The first thing I do when looking to build up my vocabulary is find good sources of vocabulary data. There are so many places you can look for this. Dictionaries, bilingual books, books that have been translated into other languages – and then buying both copies of the book, online lessons and wordlists, word frequency lists and my favourite, movie subtitle files. Movie subtitle files which normally come in .srt format are especially fascinating because all the sentences are already broken down for you and if you get the English and Language ‘X’ subtitle from the same place, chances are that they are in sync with each other sentence for sentence. You can just open the subtitles up in a free program like Subtitle workshop and cut and paste them into a spreadsheet.

I have just done a quick hunt around and I have found a wonderful set of new vocabulary items in Thai in the ‘Farang Can Learn Thai Language’ group on Facebook. This list has been put together by Thai teacher ‘Wondrous Thai’.

Now I am going to cut and paste the new vocab into the blank spreadsheet that I have open:

Screen-Shot-2019-05-01-at-10.32.36

We will just use five sentences for this example, but you can use as many as you like. Just last week I created a list of 3000 sentences using this method.

I have put my sentences into three columns in this instance as ‘Wondrous Thai’ has included her own form of transliteration. You can use as many columns as you like in these files. We will just pull the necessary data to make our language training files.

Here are the sentences in textual form for you:


Sorry I’m late.	ขอโทษที่มาสาย	kŏr tôht têe maa săai
Sorry I couldn’t help you	ขอโทษที่ช่วยคุณไม่ได้	kŏr tôht têe chûay kun mâi dâai
Sorry I have to go.	ขอโทษที่ฉันต้องทิ้งคุณไป	kŏr tôht têe chăn dtông tíng kun bpai
Sorry that I made you upset	ขอโทษที่ผมทำให้คุณเสียใจ	kŏr tôht têe pŏm tam hâi kun sĭa jai
sorry for hurting you	ขอโทษที่ทำคุณเจ็บ	kŏr tôht têe tam kun jèp

Once you have entered all the words in that you will use, click on File and Download As Comma Separated Values (.csv current sheet). I changed the default file name to a more suitable name - 'vocab.csv'.
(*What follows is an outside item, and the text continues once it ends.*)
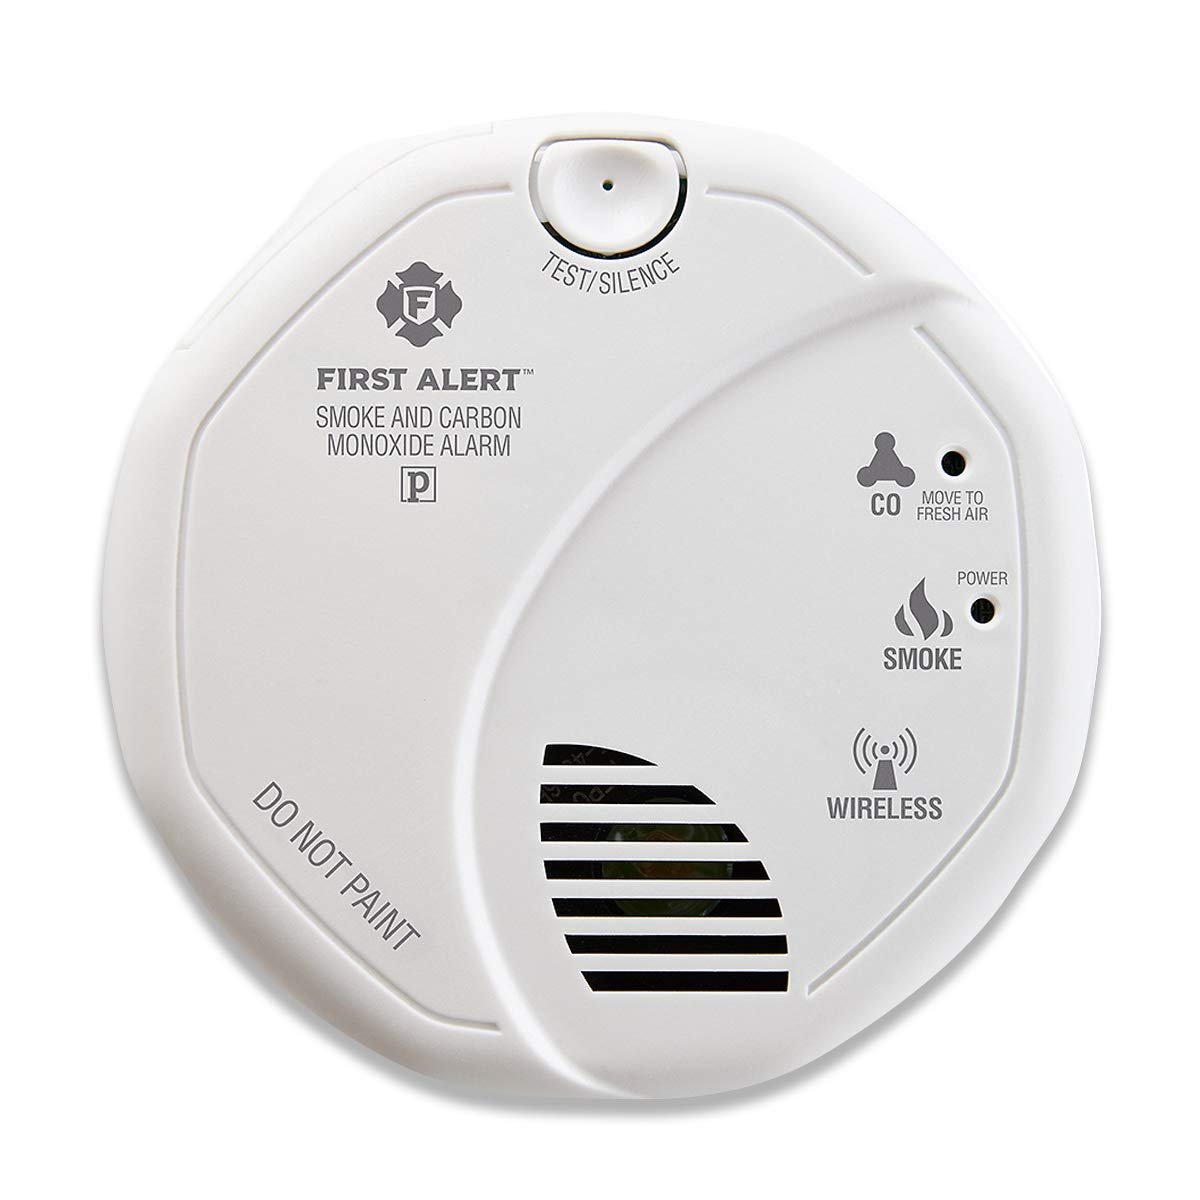 First Alert 2-in-1 Z-Wave Wireless Smoke Detector & Carbon Monoxide Alarm, Battery Operated (Renewed)

By default it should save it in your Downloads directory. I created my own new directory called ‘vocab’ on my desktop and copied that .csv file there.

Open Your Terminal

Go to your terminal and go to the directory that you saved the file in. I created a directory called ‘vocab’ on my desktop, so I use the ‘cd’ (Change Directory) command:

cd ~/Desktop/vocab

now if you type –ls, you should see your file listed in that directory.
Screen-Shot-2019-05-01-at-10.45.45

We call this terminal environment the ‘shell’. The name of the shell we are using is called ‘BASH’ and is a UNIX shell and command language released in 1989 as a free replacement for the Bourne Shell. Both OSX and Linux use this shell.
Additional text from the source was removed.